TV
In Defense Of… Some Of My Strange Sacred Cows
There are three things I’ve recently stumbled (or restumbled) upon that have bothered me. If you would have asked me in advance if they would, I would have laughed at you and said:
I guess it’s possible.
Then I would have went back to my day.
Nonetheless, here they are, in no particular order:
- At first. I was upset they made a sequel. Then… I got really upset.
I’m not a fan of the film Hoosiers, but I recognize its place as a revered sports flick. Maybe I need to see it again, but I remember seeing it during all the hoopla (pun!), and not thinking it was anything special. So it took me by major surprise when I thought there was a sequel to the Gene Hackman classic, starring Matthew Perry instead.
It was called Hoosiers II: Senior Year. My temper shot up the charts; how dare they, I cursed.

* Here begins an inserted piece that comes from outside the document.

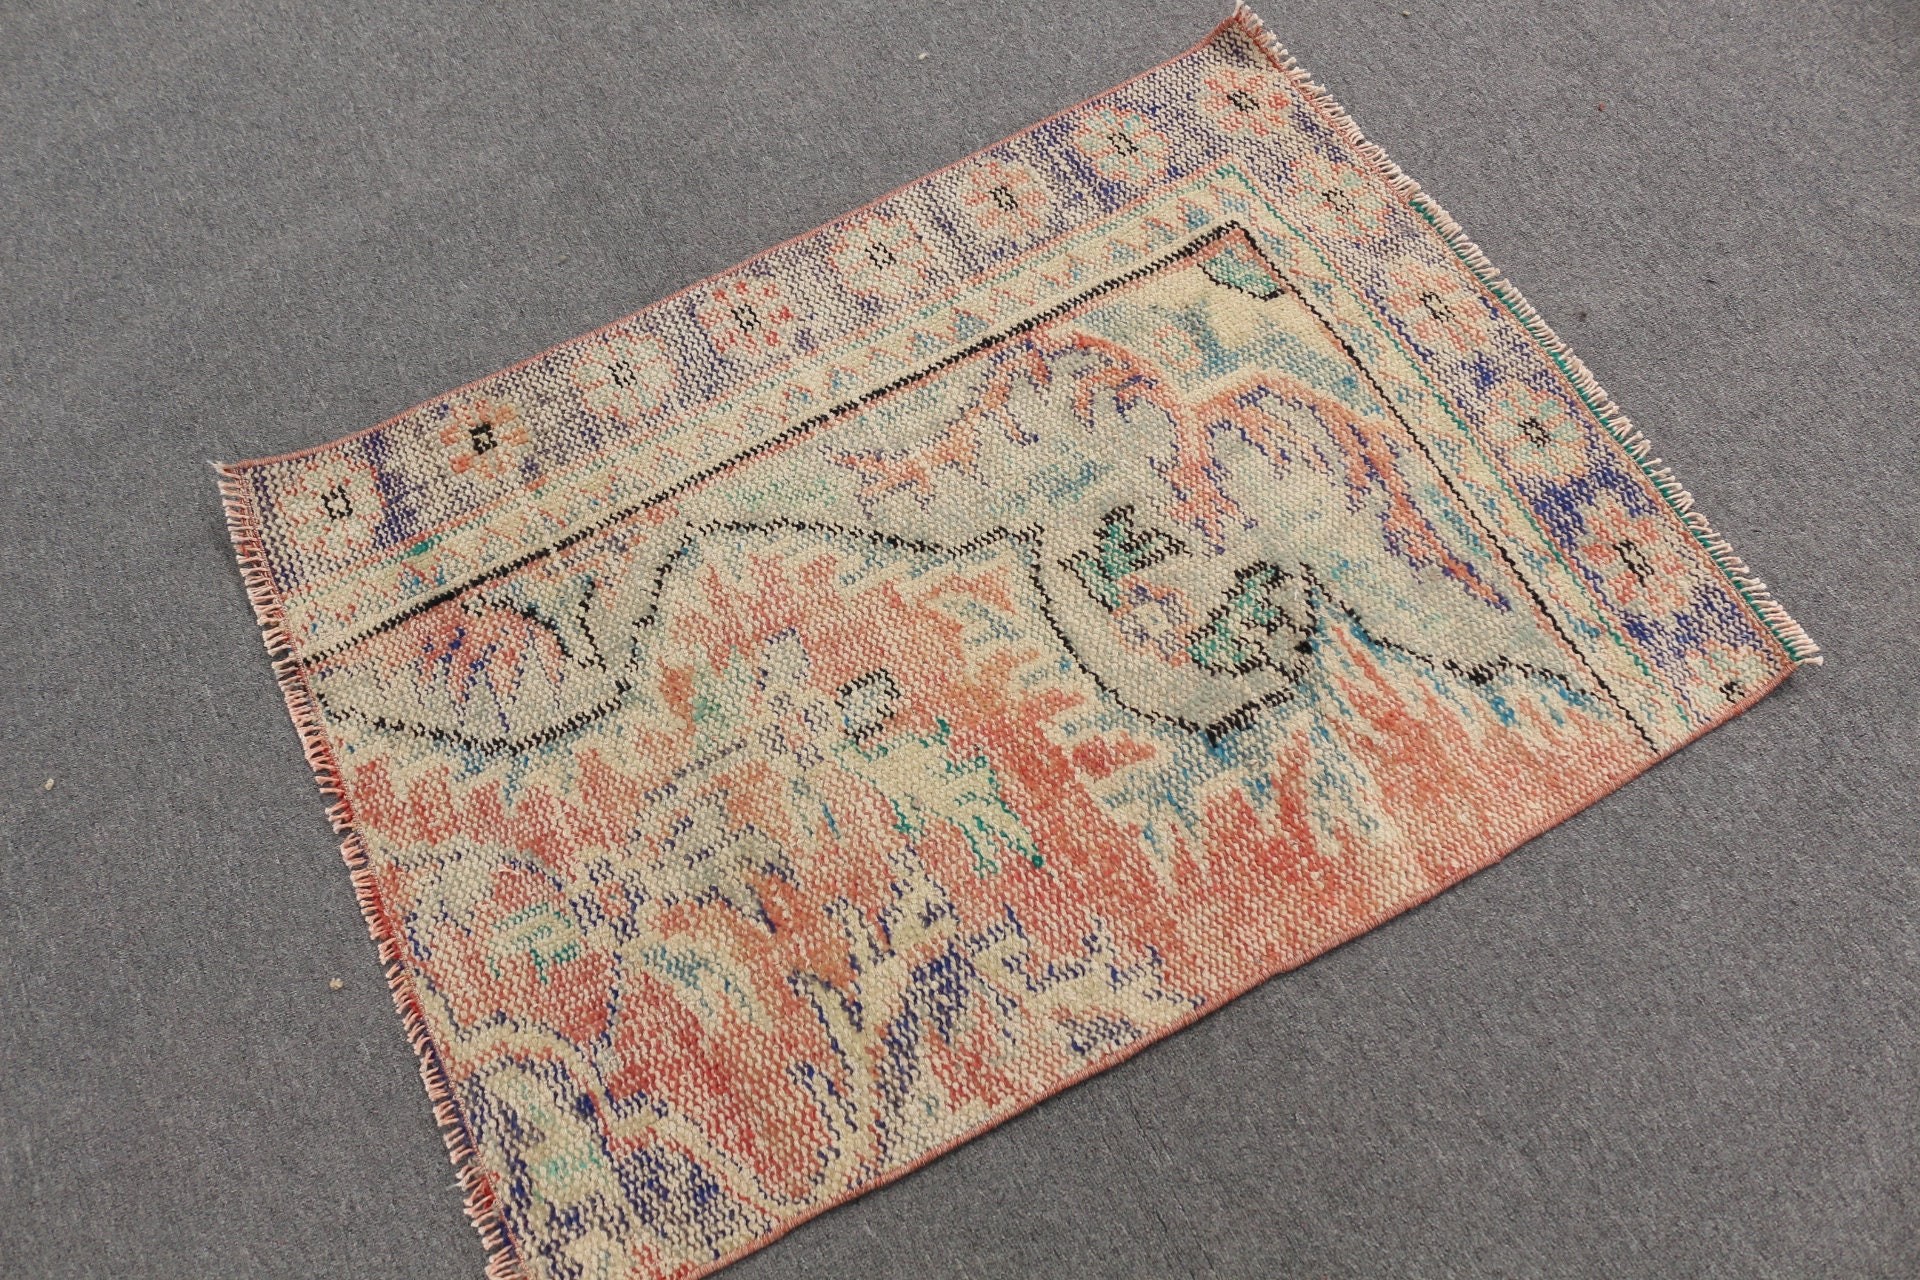 Bathroom Rug, Car Mat Rug, Vintage Rug, Turkish Rugs, Red Antique Rug, Kitchen Rugs, Cool Rug, Rugs for Car Mat, 2.7x3.5 ft Small Rugs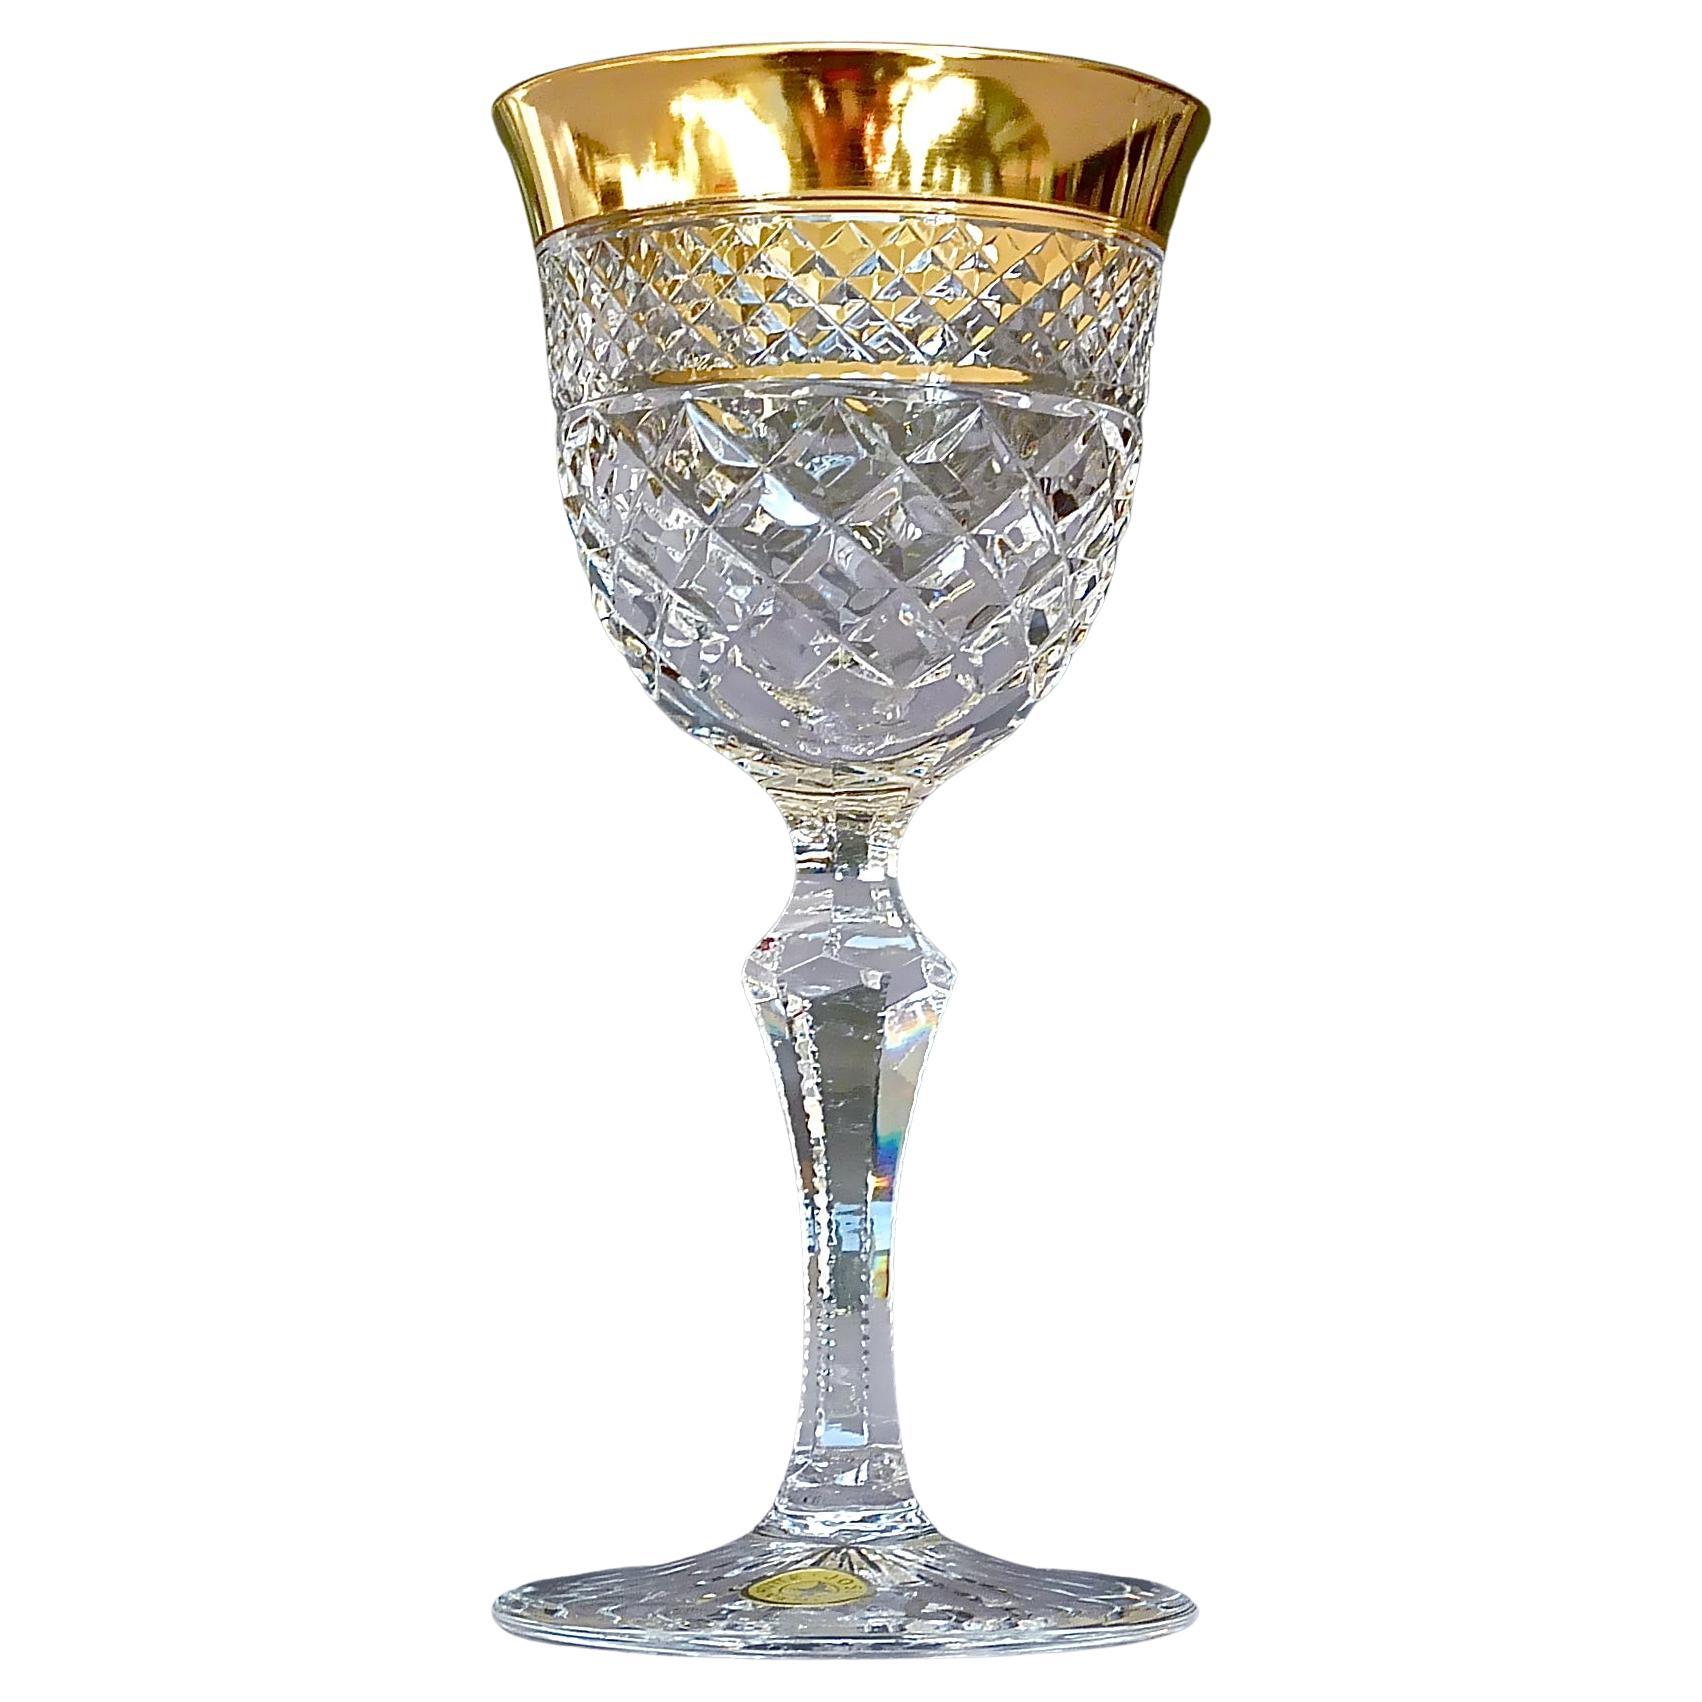 Gorgeous 20th century handcrafted faceted crystal glass set with 24-carat gold rim made by Josephinenhütte Moser circa 1960-1970 and very in the style of the exclusive French company Baccarat or Saint Louis thistle. This exquisite set of 6 dessert

But then I found out it was a spoof preview that played at the ESPYS… and my anger didn’t subside:
IT’S SO FUCKING HORRIBLE I’D PREFER A SEQUEL!
- I don’t think I’ll ever like Michelle Williams.
I can’t stand Michelle Williams. I tolerate her, not only because she’s probably not leaving Hollywood any time soon, but because Heath Ledger had to see something in her (other than his baby).
I don’t find her disgusting, a terrible actress, or an awful human being. So what causes this disdain?
I loved Katie Holmes on Dawson’s Creek so much that it’s weird I can no longer stand her either (CRUISE! *shakes fist at the sky*)… you see, Williams played “the other girl,” Jen Lindley. whom Joey had to compete against for the affection of Dawson Leery (James Van Der Beek), and I guess I can’t let that go.
(SIDENOTE: I should mention that I stopped watching the show pretty early on, although I know she and Pacey ended up together. PACEY! *shakes fist at the sky*)
- Please don’t let this become a trend.
You know how naming gimmicks come in waves… first there were commas:
Truly, Madly, Deeply / Girl, Interrupted / Definitely, Maybe
Now is it going to be four word titles?
Martha Marcy May Marlene and Tinker Tailor Soldier Spy are at the fourfront forefront of this impending trend.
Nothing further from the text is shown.